Por Emilio Antilef

Las restricciones sacan lo mejor y lo peor de lo nuestro y, por supuesto, hace notar el contradictorio espíritu guachaca y republicano que todos llevamos dentro. Así, mientras muchos se esfuerzan por cumplir puntillosamente el rigor de la cuarentena, otros ponen el mismo esfuerzo en evadirla. Los motivos son diversos. En estas recientes semanas de mayo y abril, por ejemplo, hubo harto llamado a reunirse para manifestaciones, paros y campañas. A algunos, este asuntito de la cuarentena y sus desmanes les afecta el espíritu santo y los convoca a violar leyes con tal de juntarse a hacer avivamiento en masa, como suelen producirlo esas almas creyentes que rezan por ti y por mí. Y cuando abren una feria, un mercado o mall, desde Patronato a Lo Valledor, del Apumanque a La Vega, el público salta como si no hubiera un mañana o una vida que cuidar. Hasta las autoridades hablaron en cierto momento de “nueva normalidad” e hicieron llamados a volver a juntarse con amigos para un cafecito, claro que siempre guardando las distancias.

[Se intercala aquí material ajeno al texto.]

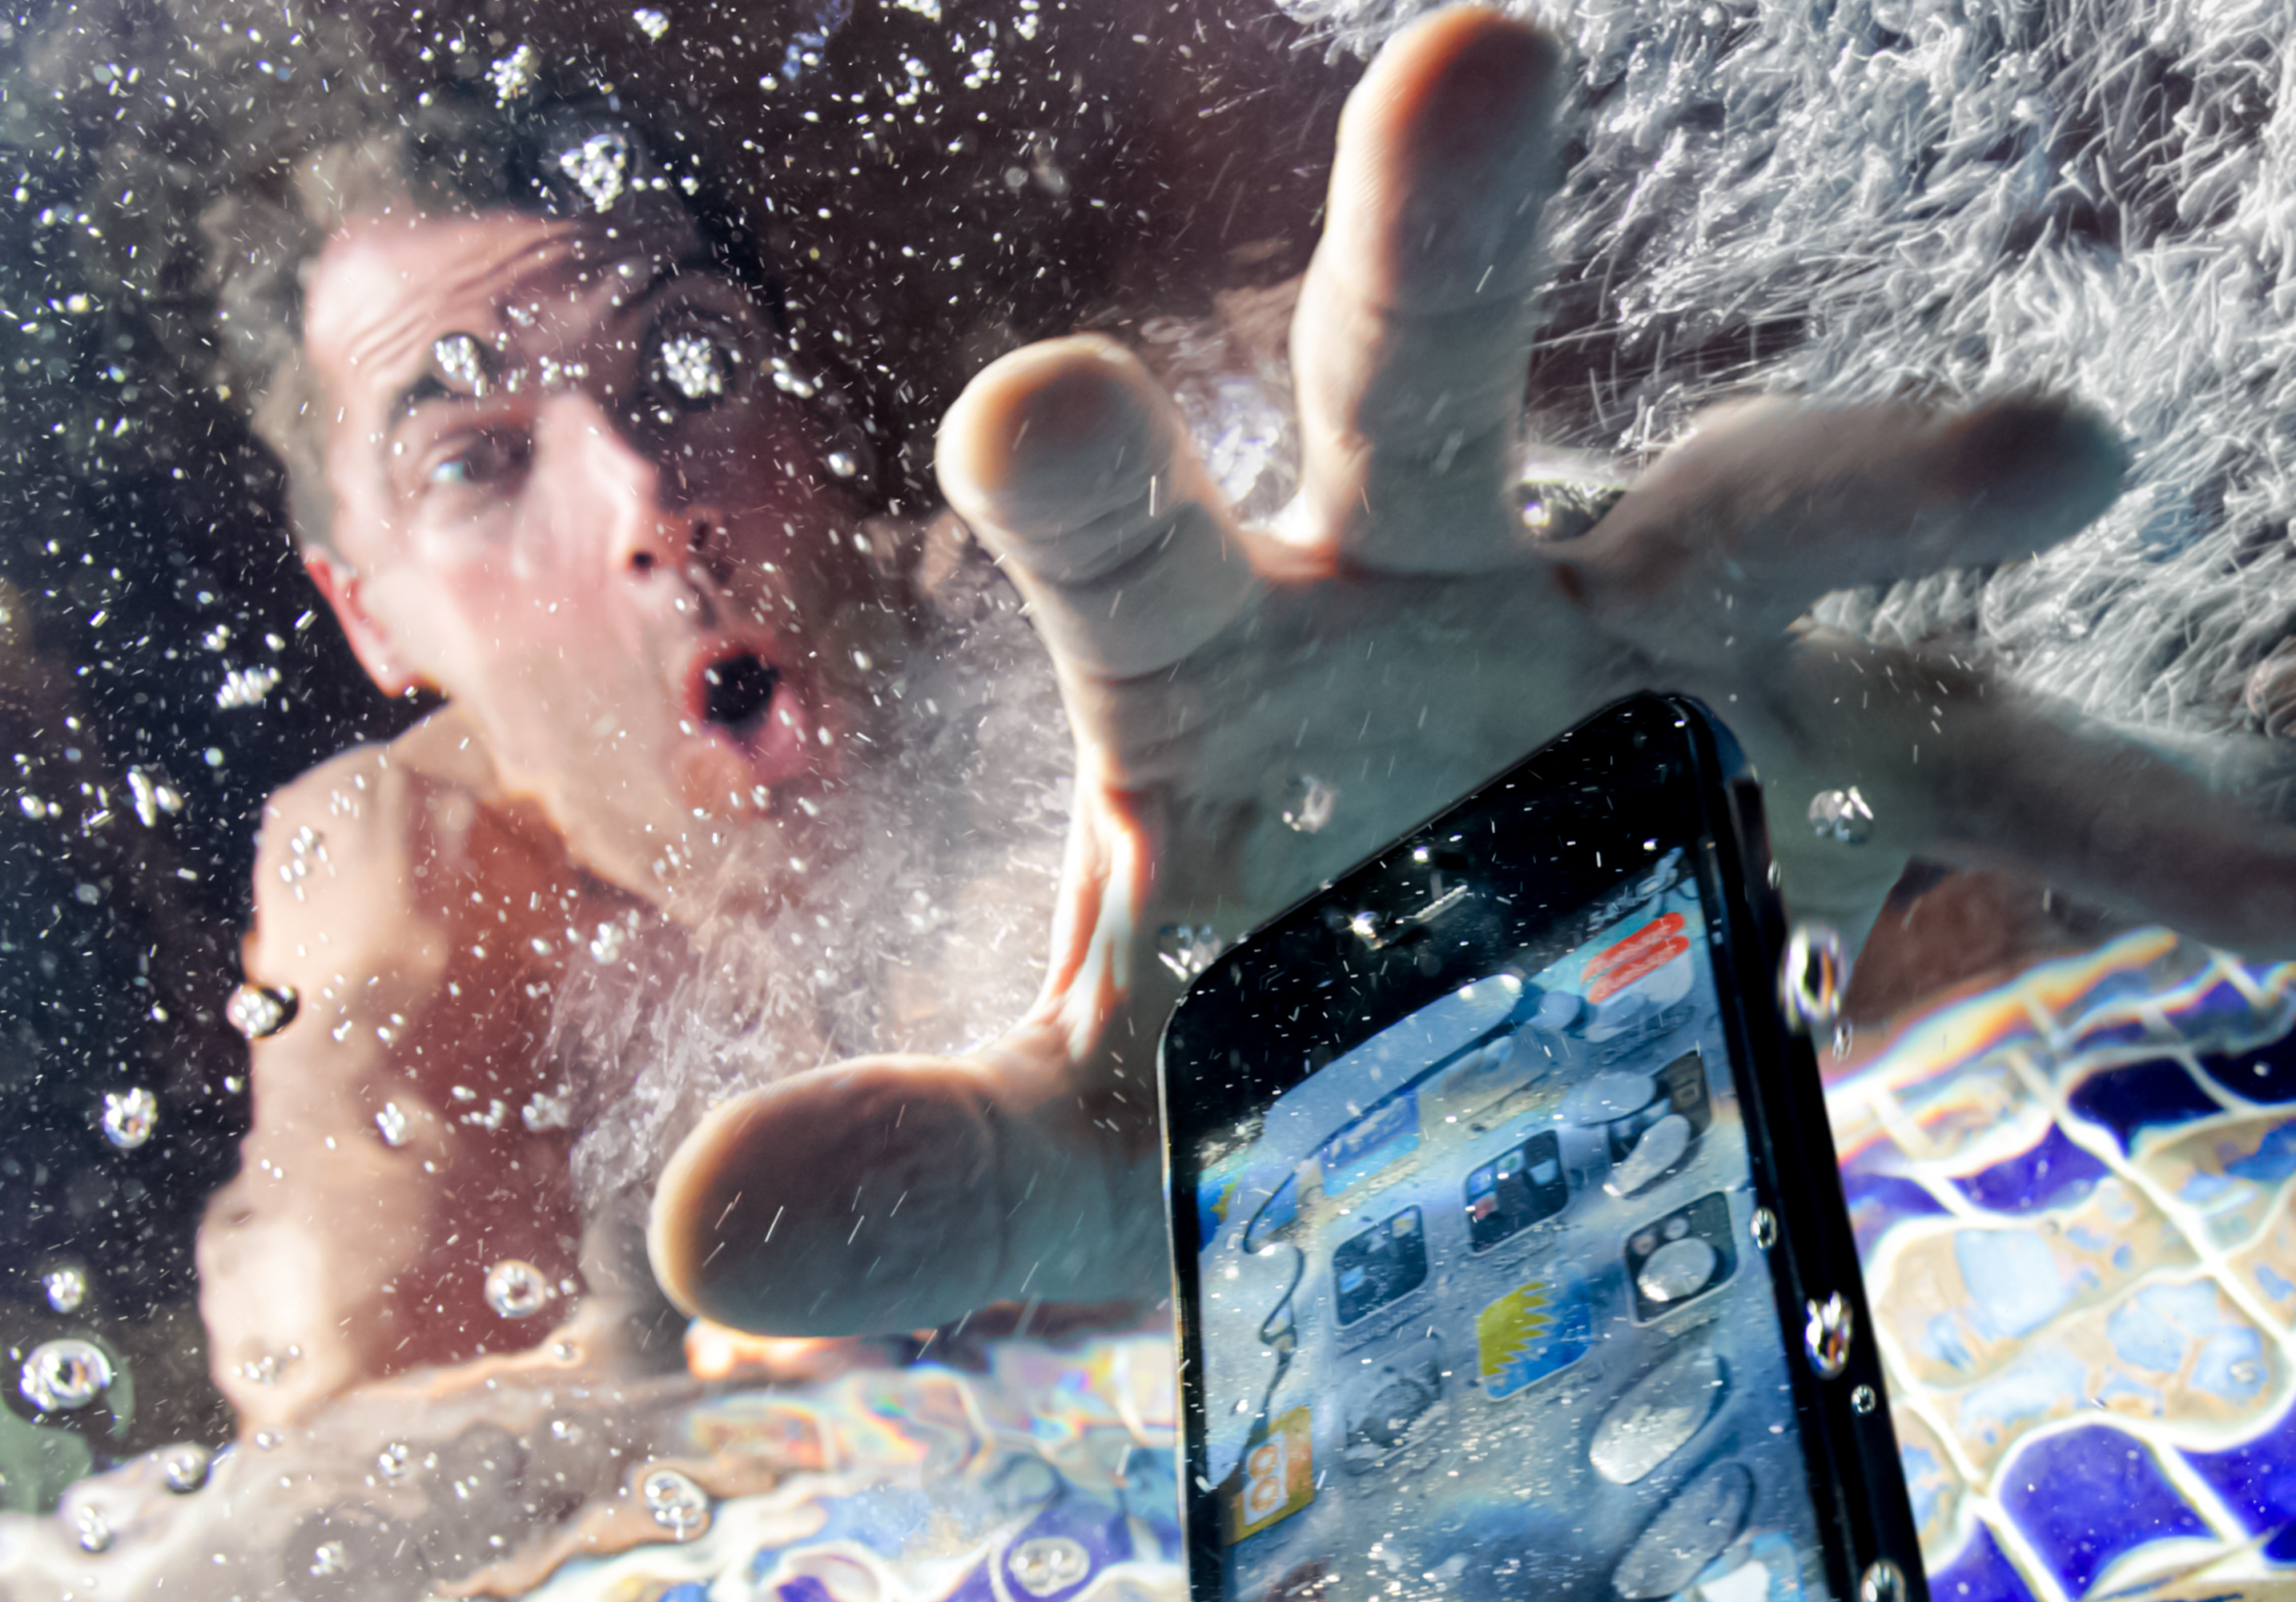 Можно ли сушить феном айфон если он упал в воду

Pero si hay algo que emerge con fuerza al primer descuido de la repre es ese espíritu guachaca que nos empuja a celebrar, al bailoteo, al sobajeo múltiple que solo se da en una pista de baile. Las cifras lo comprueban y así cuenta la noticia de aquella fiesta en Maipú que, con el solo pretexto de celebrar, en plena cuarentena reúne casi medio millar de feligreses del placer y el baile. A todas luces, una convocatoria mucho más multitudinaria que las manifestaciones, misas y demás juntaciones con que los compatriotas han querido burlar restricciones.

Y es que esto no es nuevo. Desde la Colonia, los chilenos hemos sido buenos para desafiar toques de queda y regulaciones varias. Antes, nuestros ancestros guachacas solían juntarse en bacanales que llamaban “picholeos” y que se hacían mientras la oficialidad cuidaba que las calles se mantuvieran vacías en tiempos de castigo, por catástrofe o alteración política. El picholeo era carrete puro, brindis con mistela, bailes de ricos y pobres (la novela Martín Rivas es detallista para hablar de ellos, incluso como escenario de romances) donde el alojamiento corría por cuenta del dueño de casa.

No tenemos que ir tan lejos para demostrar este culto por la celebración al borde de lo clandestino en tiempos de candados y cordones. En los 70 y 80, tuvimos que aguantar el toque de queda como el pan de nuestros días, especialmente en las noches. Por decreto militar, soportamos AÑOS de bandos que nos cercenaron la noche y en que el ambiente artístico-frívolo-sexy pudo sencillamente no existir. Pero el chileno de entonces tampoco renunció a la reunión y al sandungueo. Ahí estuvieron entonces las boites y casas tolerantes que ofrecían el show de toque a toque. O sea, el que cruzaba la puerta a las 11 pm debía aguantar hasta las 5 am, cuando se levantaba el cierre. Fue el tiempo de gloria de los locales del Padrino Aravena, El Lucifer, El Tiburón, Boite La Sirena, El Mundo y otros como el Tap Room o el Maxim, donde aguantar el toque era ley. Eran otros tiempos en que los enemigos eran visibles y no como este virus, que no le conocemos rostro y nos vuelve algo más cautos. Algo que sea, porque el asunto es que nos pican las manos y los pies por volver a zapatear y a agarrarnos de hombros y caderas , con buenos toques, pero no de queda.